3.1 Results of Search Strategy

The search strategy identified 1,036 unique articles (see Fig. 1). The initial selection revealed 322 articles that used one or more quantitative methods to elicit patients’ preferences; these are listed in Electronic Supplement 2.

Fig. 1
figure 1

Results of search strategy

3.2 Patient Preference Methods

The 322 articles selected for this review were concerned with 379 preference methods (in some articles, multiple methods were described). In accordance with the classification provided by Carson and Louviere [10], 71 of these preference methods were identified as MM, 96 as DCEs, 200 as ‘other methods’ and 12 as MCDM. The four main categories of preference methods could be further subdivided into 15 conceptually different preference methods (Fig. 2).

Fig. 2
figure 2

Patient preference methods found in the literature. * Within the ‘direct questions’ category, seven articles used willingness to pay and 34 articles used a standard gamble

3.2.1 Matching Methods

Three conceptually different methods within MM were found in the literature. This review identified 47 studies where respondents were asked with a direct question (DQ) to state their WTP to obtain a certain health state. For example, Esfandiari et al. [19] assessed the effect of long-term financing on preferences regarding implant over-dentures. Seven articles used the specific WTP method. SG, another variant of DQ, was found 34 times and is used mainly to quantify patient preferences regarding health states, not only for the probability of experiencing those health states but also for decision analysis, as shown by a study by Montgomery et al. [20]. DQ is also operationalized using a binary response, instead of a matching variable (time, money), as shown in the study by Gyrd-Hansen and Kristiansen [21], where respondents were presented with hypothetical therapy scenarios that involved life-year gains and were asked to state whether they should follow the therapy (yes/no). Another category in MM is the TTO approach, which was identified 19 times in this review. As with SG, TTO is also used to quantify the utilization of patient preferences regarding health states in decision analysis [22]. The final MM category is the allocation game, in which respondents are asked to allocate a fixed quantity to different categories. In a study by Ubel et al. [23], respondents were asked how to allocate funds to benefit people with varying levels of disability. Within MM, single-question and sequential-question versions are possible. In most studies, the sequential versions were used in order to assess a value for various goods, i.e. the health states [24]. Only three studies were identified using a single question, valuing one single health state. MM uses a direct weighting strategy; individuals are asked to directly provide their utilities for a health state. In MM, trade-offs can be made by trading health gains against several negative outcomes, such as the risk of immediate death (SG), a reduced lifespan (TTO), a monetary equivalent (WTP) or allocation trade-offs (allocation game). MM is consistent with the expected utility theory, in that outcomes have cardinal properties and result in utilities.
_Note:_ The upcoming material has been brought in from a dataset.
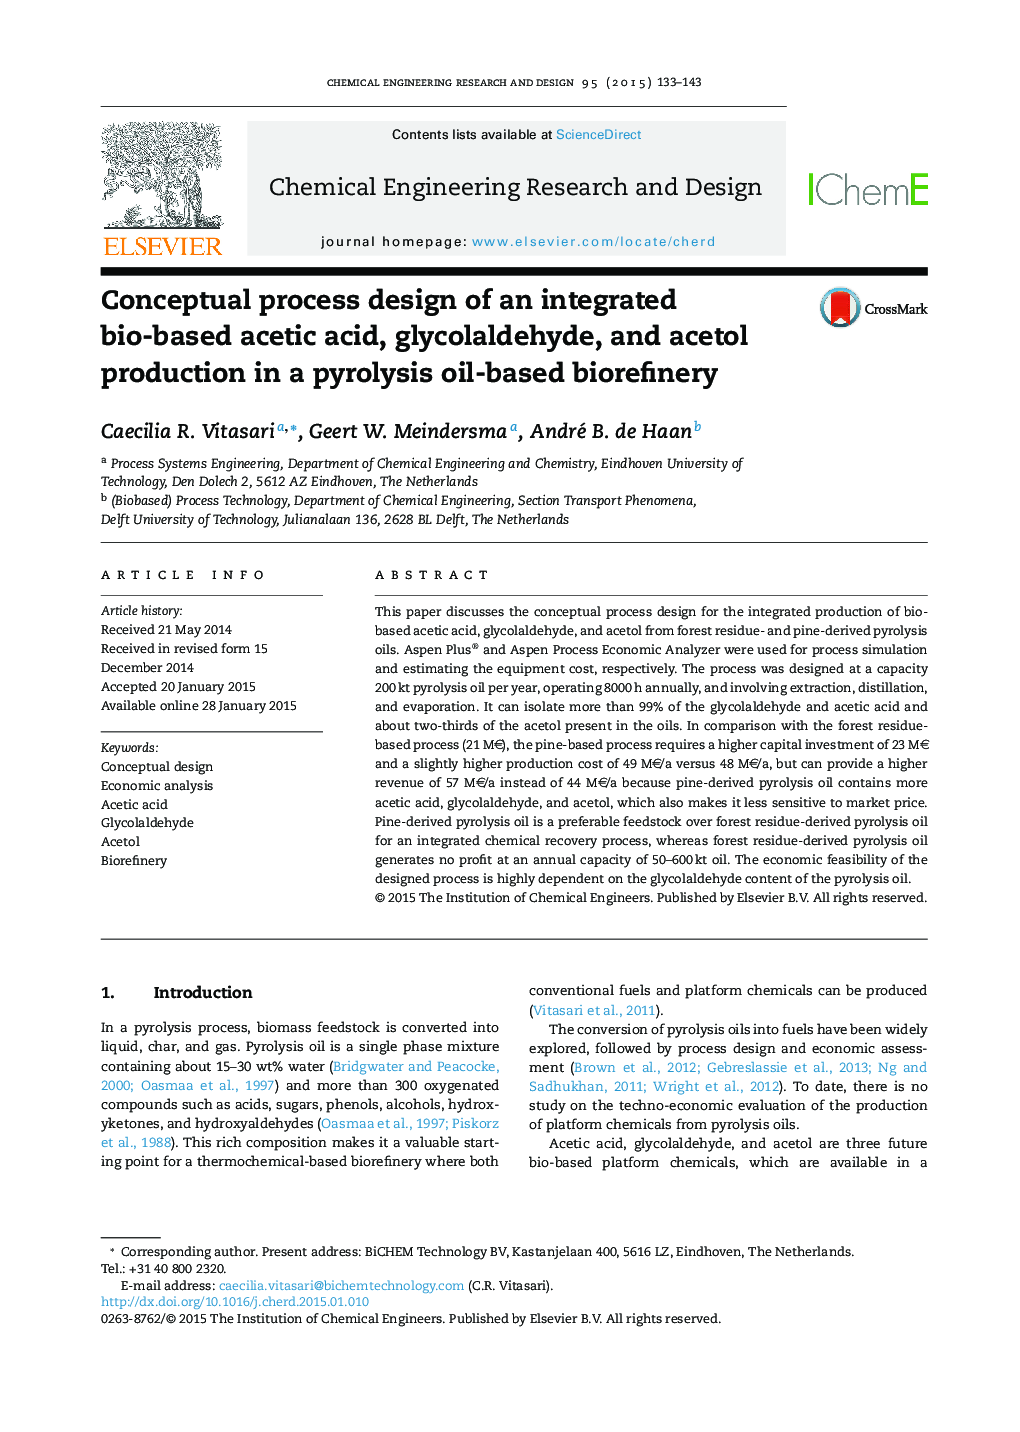 Conceptual process design of an integrated bio-based acetic acid, glycolaldehyde, and acetol production in a pyrolysis oil-based biorefinery

3.2.2 Discrete Choice Experiments

Regarding DCE, four conceptually different methods were found in the literature: BCE, MCE, full ranking exercise and BWS. In this review, the majority (90 studies) used a BCE in their DCE methods. MCE was used only two times. It should be noted that some BCEs included an additional opt-out option, in order to allow respondents to be non-demanders [25]. In the BCE category, 19 methods used the variant where one attribute of one of the treatment options is systematically varied until respondents switch their treatment preference to the alternative choice. This variant is used to determine treatment thresholds or switching points as, for example, in a study by Brundage et al. [26], where the treatment threshold represented the minimum survival percentage required by the participant in order to go for the more toxic treatment. One article in our review used a full ranking exercise. According to a study by Singh et al. [27], a full ranking approach is more realistic (i.e. it includes all hypothetical scenarios/products as in a real market); however, the disadvantage is that it yields only ordinal data. A less extensive ranking exercise is BWS, which can be used in several forms. Our review found two articles that used the BWS ‘profile case’, in which respondents judged each scenario at a time and selected the most attractive and the least attractive attribute. Also, one ‘multi-profile case’ was found where preferences were elicited by selecting the most preferred and least preferred scenarios out of a set of three or more alternatives [28, 29]. In contrast to MM, DCEs are mostly used to estimate the marginal value of changing attributes of the health state to be judged through sequential questioning. No preferences regarding single stand-alone scenarios were found by our review. A unique aspect of DCE is that individuals are asked to provide their utilities for each attribute not directly but indirectly by determining relative preferences regarding choice scenarios. Sequential questioning and subsequent regression-based analysis give overall utility and individual part-worth utilities or an estimate of the marginal value of changing attributes.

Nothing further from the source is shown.